The soliton microcombs used for RF filtering are generated from a 103.9 GHz ultra-low loss integrated silicon nitride (Si₃N₄) microresonator (Q ~ 1 × 10⁷), fabricated by the photonic Damascene reflow process⁴⁰. By employing the frequency-comb-assisted diode laser spectroscopy, the detailed properties of resonances and the integrated group velocity dispersion of the microresonator are measured (see Supplementary Note 2). Strong avoided mode crossings (AMXs) are observed ~1565 nm, which lead to the modulation of intracavity CW background, thereby resulting in the ordering of the DKS pulses⁴¹ and the formation of soliton crystals^36,38,39. Figure 1b shows the simulated stability diagram (see “Methods”), which consists of modulation instability (MI), breathers, chaos (spatio-temporal chaos and transient chaos), and stable DKS states. In addition, it has been revealed that the pump power level is critical for whether the PSCs or stochastic DKS states are formed³⁶ (see Supplementary Note 3). In our case, the threshold pump power P_th is found to be ~20 mW in the bus waveguide. When the laser scanning route is operated below threshold pump power, PSC states can be accessed without crossing the chaos region. Contrarily, DKS states with stochastic soliton number are accessed above the threshold power. Experimentally, the single-soliton and TSM states are obtained by either directing falling to the states or backward tuning from the states with higher soliton number⁴². Note that switching from PSC to single soliton or TSM is prohibited unless the pump power is increased to be over the threshold³⁶. Thus, through controlling the pump power and resonance frequency, various soliton microcombs (single soliton, PSC, and TSM) can be obtained on demand to produce the desired RF filter responses. For example, Fig. 1c shows three distinct optical spectra obtained from the resonance of 1555.1 nm: single soliton, PSC (N = 4), and TSM (α = 132.7°, see “Methods”), respectively. It is also worthwhile to mention that although this type of RF filter does not require coherent comb states, the high-intensity noise of MI combs is certainly undesirable¹⁵. As the intensity noise will be transferred to the synthesized RF filters, mode-locked comb states are preferred to minimize the noise at the RF output.

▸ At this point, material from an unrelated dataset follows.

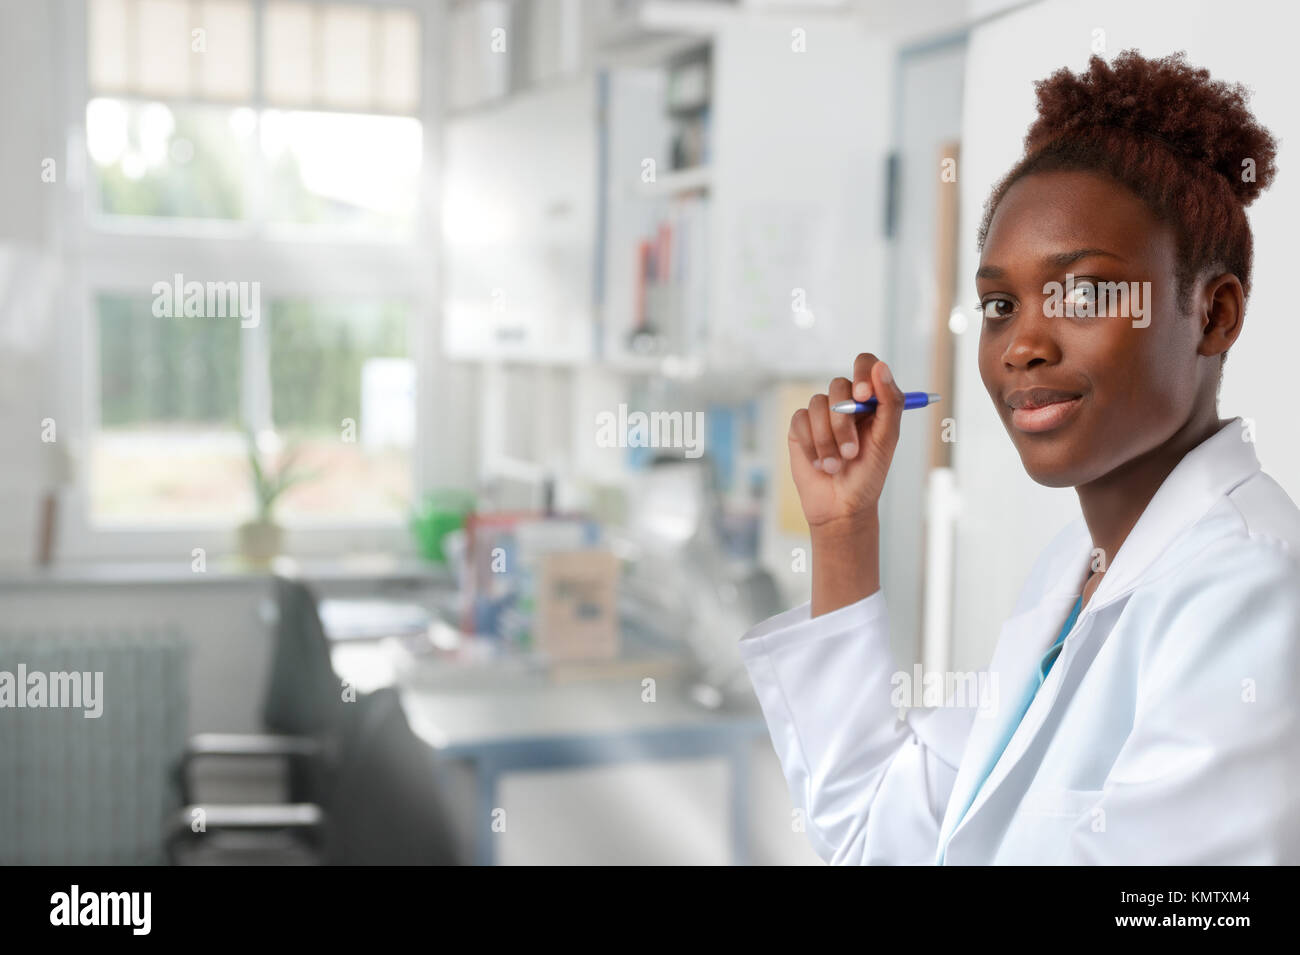 African scientist, medical or or graduate student. Bright, confident young woman wearing lab coat holds a pen in a doorway of her office. Stock Photo

Fig. 1: Schematic diagram of reconfigurable soliton-based radiofrequency photonic filters and their underlying microcomb generation.

a The conceptual setup consists of four parts: microcomb generation, radiofrequency (RF) signal upconversion, dispersive propagation, and photodetection. ECDL external cavity diode laser, MZM Mach–Zehnder modulator, SMF single-mode fiber, PD photodiode, VNA vector network analyzer. Various RF filters are synthesized based on versatile soliton microcombs: (1) single-soliton-based RF filter with a passband centered at f_FSR (blue); (2) N − PSC- (perfect soliton crystals of N equally spaced solitons within one round-trip) based RF filters with a passband centered at f_FSR/N (green, N = 4 is shown); (3) two-soliton microcomb (TSM)-based RF filters with a passband centered at f_FSRα/360° (orange), where α is the relative azimuthal angle between two solitons (α = 90° is shown). b Simulated stability diagram of the Lugiato–Lefever equation (LLE) involving the experimental avoided mode crossing (AMX) condition. Four different stability regions are listed: modulation instability (MI, blue), breathers (red), spatio-temporal and transient chaos (chaos, yellow), and stable dissipative Kerr soliton (DKS, green). PSC and TSM/single-soliton spectra are obtained by distinct approaches. PSC states are accessed under the threshold power to avoid the chaos region. Single-soliton or TSM states are accessed above the threshold power, by either directly falling to the states or backward tuning from a higher number of solitons. c Examples of experimentally generated spectra at resonance of 1555.1 nm: (1) single-soliton, (2) PSC (N = 4), and (3) TSM (α = 132.7°) with envelope fitting. The pump power is also shown for each microcomb generation.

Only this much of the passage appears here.